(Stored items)

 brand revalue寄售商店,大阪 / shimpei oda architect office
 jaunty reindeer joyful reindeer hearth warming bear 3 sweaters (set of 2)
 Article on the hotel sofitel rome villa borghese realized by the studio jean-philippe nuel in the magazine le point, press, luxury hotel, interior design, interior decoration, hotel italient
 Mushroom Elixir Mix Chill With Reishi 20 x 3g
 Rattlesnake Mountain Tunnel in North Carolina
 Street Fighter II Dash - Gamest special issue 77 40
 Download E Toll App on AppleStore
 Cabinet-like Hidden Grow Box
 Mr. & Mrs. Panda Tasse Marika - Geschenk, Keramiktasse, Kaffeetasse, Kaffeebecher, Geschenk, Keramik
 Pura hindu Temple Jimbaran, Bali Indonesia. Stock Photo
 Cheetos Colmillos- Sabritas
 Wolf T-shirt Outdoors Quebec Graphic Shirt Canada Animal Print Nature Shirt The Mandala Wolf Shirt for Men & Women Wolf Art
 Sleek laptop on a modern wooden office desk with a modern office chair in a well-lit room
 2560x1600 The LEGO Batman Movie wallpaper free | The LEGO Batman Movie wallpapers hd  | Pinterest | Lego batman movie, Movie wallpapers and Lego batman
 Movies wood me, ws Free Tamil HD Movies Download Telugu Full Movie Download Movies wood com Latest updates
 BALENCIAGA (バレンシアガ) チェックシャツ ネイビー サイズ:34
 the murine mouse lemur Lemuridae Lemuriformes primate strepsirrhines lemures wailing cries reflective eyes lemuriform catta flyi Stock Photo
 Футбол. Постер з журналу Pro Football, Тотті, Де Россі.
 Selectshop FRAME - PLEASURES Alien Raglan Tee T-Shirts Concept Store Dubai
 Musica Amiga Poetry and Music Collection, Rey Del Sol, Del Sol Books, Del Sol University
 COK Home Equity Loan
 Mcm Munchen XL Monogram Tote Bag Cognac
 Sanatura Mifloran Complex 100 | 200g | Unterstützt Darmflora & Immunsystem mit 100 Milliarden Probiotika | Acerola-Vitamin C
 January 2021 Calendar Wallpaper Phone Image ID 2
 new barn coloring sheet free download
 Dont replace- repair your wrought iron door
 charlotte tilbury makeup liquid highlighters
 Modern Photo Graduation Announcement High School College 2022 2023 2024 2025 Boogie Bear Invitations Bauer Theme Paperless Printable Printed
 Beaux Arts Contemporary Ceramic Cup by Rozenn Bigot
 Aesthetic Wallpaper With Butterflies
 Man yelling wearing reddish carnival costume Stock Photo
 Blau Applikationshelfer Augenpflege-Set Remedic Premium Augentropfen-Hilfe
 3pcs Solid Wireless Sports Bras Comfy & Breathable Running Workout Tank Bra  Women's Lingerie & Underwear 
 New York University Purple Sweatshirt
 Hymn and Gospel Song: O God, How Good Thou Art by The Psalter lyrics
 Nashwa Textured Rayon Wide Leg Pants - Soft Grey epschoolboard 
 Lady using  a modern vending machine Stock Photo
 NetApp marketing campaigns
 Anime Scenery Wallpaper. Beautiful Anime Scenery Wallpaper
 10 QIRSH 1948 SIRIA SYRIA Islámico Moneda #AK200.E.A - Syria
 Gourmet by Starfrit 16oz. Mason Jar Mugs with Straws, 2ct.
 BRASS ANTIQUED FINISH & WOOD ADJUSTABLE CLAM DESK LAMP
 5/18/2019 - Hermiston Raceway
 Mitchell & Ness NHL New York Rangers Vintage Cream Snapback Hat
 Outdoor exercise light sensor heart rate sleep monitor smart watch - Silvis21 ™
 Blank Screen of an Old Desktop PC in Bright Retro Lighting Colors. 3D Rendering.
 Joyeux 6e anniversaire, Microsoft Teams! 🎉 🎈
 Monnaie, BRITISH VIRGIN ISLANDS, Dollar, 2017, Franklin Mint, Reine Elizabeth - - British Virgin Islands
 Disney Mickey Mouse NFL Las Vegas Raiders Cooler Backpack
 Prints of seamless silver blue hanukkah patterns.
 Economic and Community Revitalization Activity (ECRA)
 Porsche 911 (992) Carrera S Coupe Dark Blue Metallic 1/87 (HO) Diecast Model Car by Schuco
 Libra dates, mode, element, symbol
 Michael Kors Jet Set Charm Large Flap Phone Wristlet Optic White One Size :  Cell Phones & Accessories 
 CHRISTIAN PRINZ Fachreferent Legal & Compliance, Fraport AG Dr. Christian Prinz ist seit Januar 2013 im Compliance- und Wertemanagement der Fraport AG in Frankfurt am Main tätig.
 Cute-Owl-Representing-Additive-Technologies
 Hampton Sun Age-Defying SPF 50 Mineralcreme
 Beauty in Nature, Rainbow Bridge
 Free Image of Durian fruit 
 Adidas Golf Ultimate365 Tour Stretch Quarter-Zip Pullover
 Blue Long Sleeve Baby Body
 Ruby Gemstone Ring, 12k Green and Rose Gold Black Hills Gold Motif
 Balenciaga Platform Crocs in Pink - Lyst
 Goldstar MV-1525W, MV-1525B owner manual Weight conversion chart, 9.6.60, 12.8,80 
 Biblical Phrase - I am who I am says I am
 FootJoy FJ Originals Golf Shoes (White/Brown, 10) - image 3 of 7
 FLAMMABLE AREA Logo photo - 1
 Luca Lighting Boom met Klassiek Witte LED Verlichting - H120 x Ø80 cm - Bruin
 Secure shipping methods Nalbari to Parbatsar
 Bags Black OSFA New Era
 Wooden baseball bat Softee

* **Required action**: Working through the data above, find every line holding "office" and copy it.

* **Answer for the task**:
 brand revalue寄售商店,大阪 / shimpei oda architect office
 Sleek laptop on a modern wooden office desk with a modern office chair in a well-lit room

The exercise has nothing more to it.